To tune a statements that run in parallel, you have to understand
the basics of parallel execution.
 
We split SQL statement in smaller operations. Each of this operations
can done in parallel.
 
As example
 
 select c.unit_price
   from costs c, products p
  where c.prod_id = p.prod_id;
 
We can scan the tables (costs,products) in parallel and we can
do the join in parallel. This means we have 3 smaller operations
that run in parallel.
 
We have slaves that are grouped in slave sets. 1 slave set ( called
Producer) only works at a certain time and the other slave set
( called Consumer ) waits to get data from the first slave set.

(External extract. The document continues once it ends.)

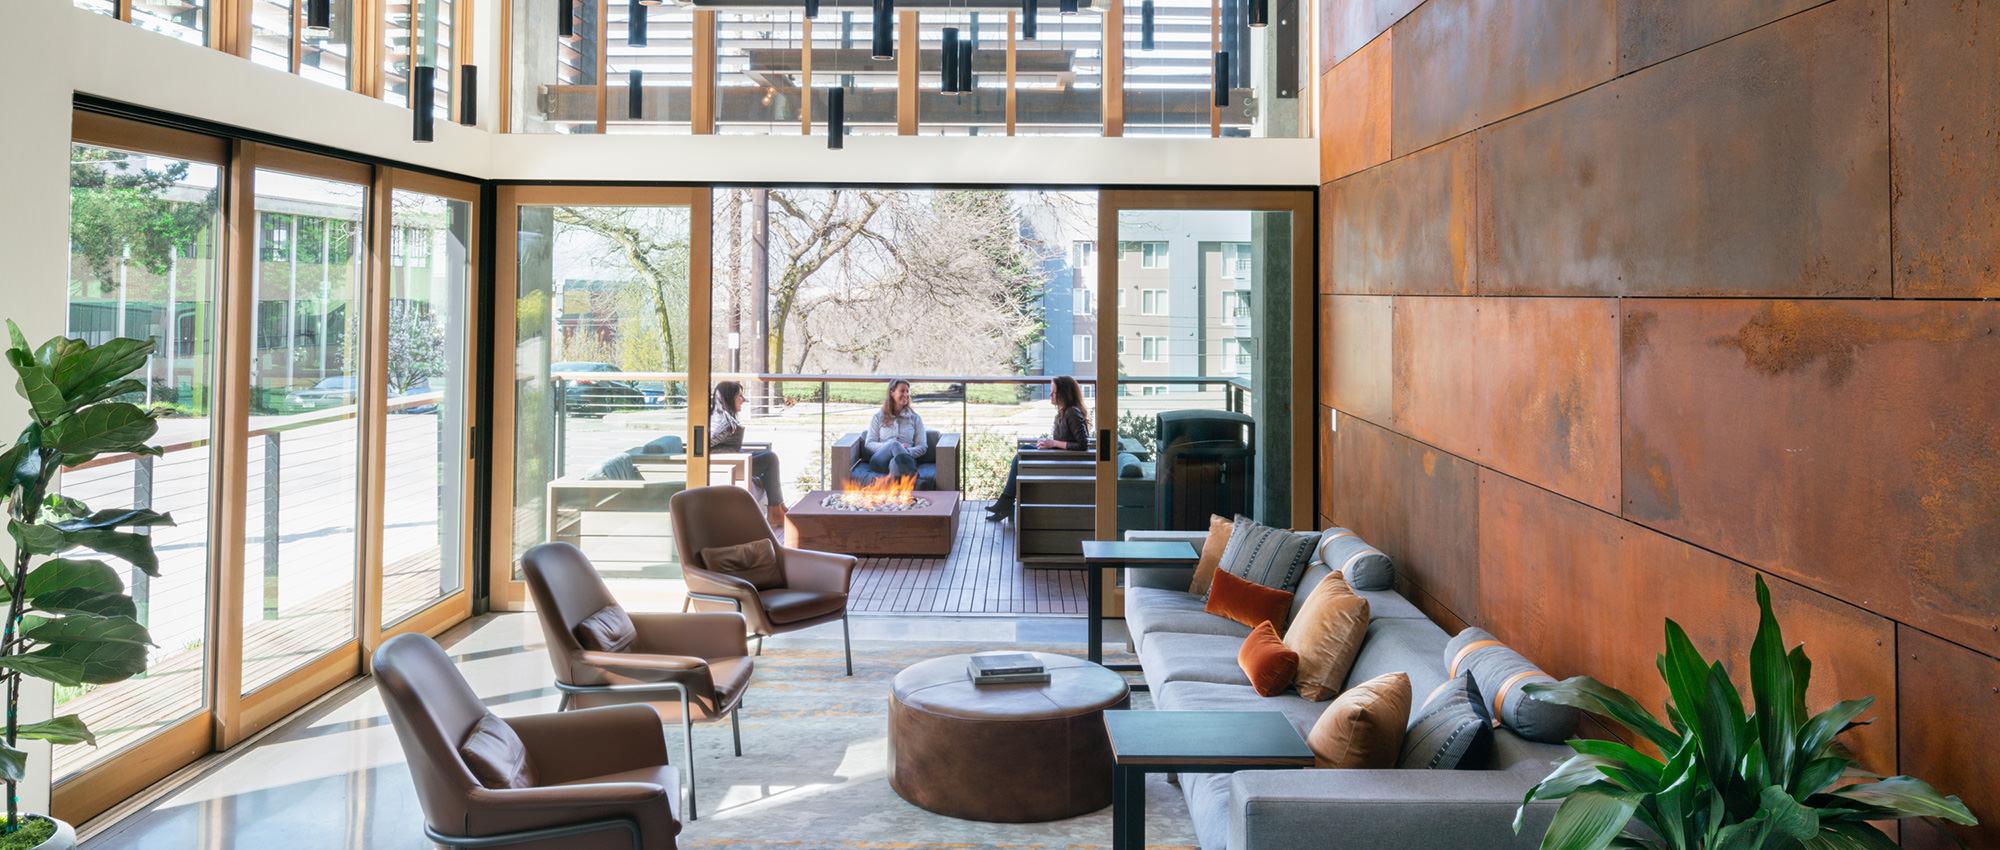 Elan Uptown Flats Interior Design

After it got all data it starts to work, it is now the Producer
slave set.
The slaves are controlled by the user background process (called
query coordinator QC ). In RAC environment the slaves for one
query maybe be are spawned on different Nodes.
 
We can use different methods to send data from one slave set
to another. we can send all rows from one slave to all other slaves
in the other slave set. This we call a 'BROADCAST' distribution.
Another example is a join on a partitioned table. Here every slave
in the slave set that does the join works only on range of partitions.
Then you see a 'PART' distribution method.
 
A slave set can do 1 or more operation in parallel. As example
a slave set that scans the table COSTS can also do the join.
 
Here is the execution plan of the example.
 
-----------------------------------------------------------------
|Id| Operation               |Name    |  TQ |IN-OUT| PQ Distrib |
-----------------------------------------------------------------
| 0| SELECT STATEMENT        |        |     |      |            |
| 1|  PX COORDINATOR         |        |     |      |            |
| 2|   PX SEND QC (RANDOM)   |:TQ10001|Q1,01| P->S | QC (RAND)  |
| 3|    HASH JOIN            |        |Q1,01| PCWP |            |
| 4|     PX RECEIVE          |        |Q1,01| PCWP |            |
| 5|      PX SEND BROADCAST  |:TQ10000|Q1,00| P->P | BROADCAST  |
| 6|       PX BLOCK ITERATOR |        |Q1,00| PCWC |            |
| 7|        TABLE ACCESS FULL|PRODUCTS|Q1,00| PCWP |            |
| 8|     PX BLOCK ITERATOR   |        |Q1,01| PCWC |            |
| 9|      TABLE ACCESS FULL  |COSTS   |Q1,01| PCWP |            |
-----------------------------------------------------------------
 
 
We scan both tables COSTS,PRODUCTS in parallel. The slave set Q1,01
that scans table COSTS does also the hash join. The PRODUCTS table
is scaned by a other slave set Q1,00 and send via a BROADCAST distribution
method to the other slave set.
 
 
 
Some operations are running in serial faster than in parallel. Please verify
if you query is faster with parallel execution.
It can happen that the degree of parallelism was changed on tables or indexes
implicit by some operations. As example a import of data or a
"ALTER INDEX REBUILD PARALLEL" can change the degree of parallelism.
 
 
 
The basic information about parallel execution you can find
in the Data Warehousing Guide.
 
See also
Note.184417.1 Where you find Information about Parallel Execution
              in the Oracle Documentation 
 
In 9.x you see the distribution method in the "PX distributed" column
when you run the utlxplp script to format the explain plan output.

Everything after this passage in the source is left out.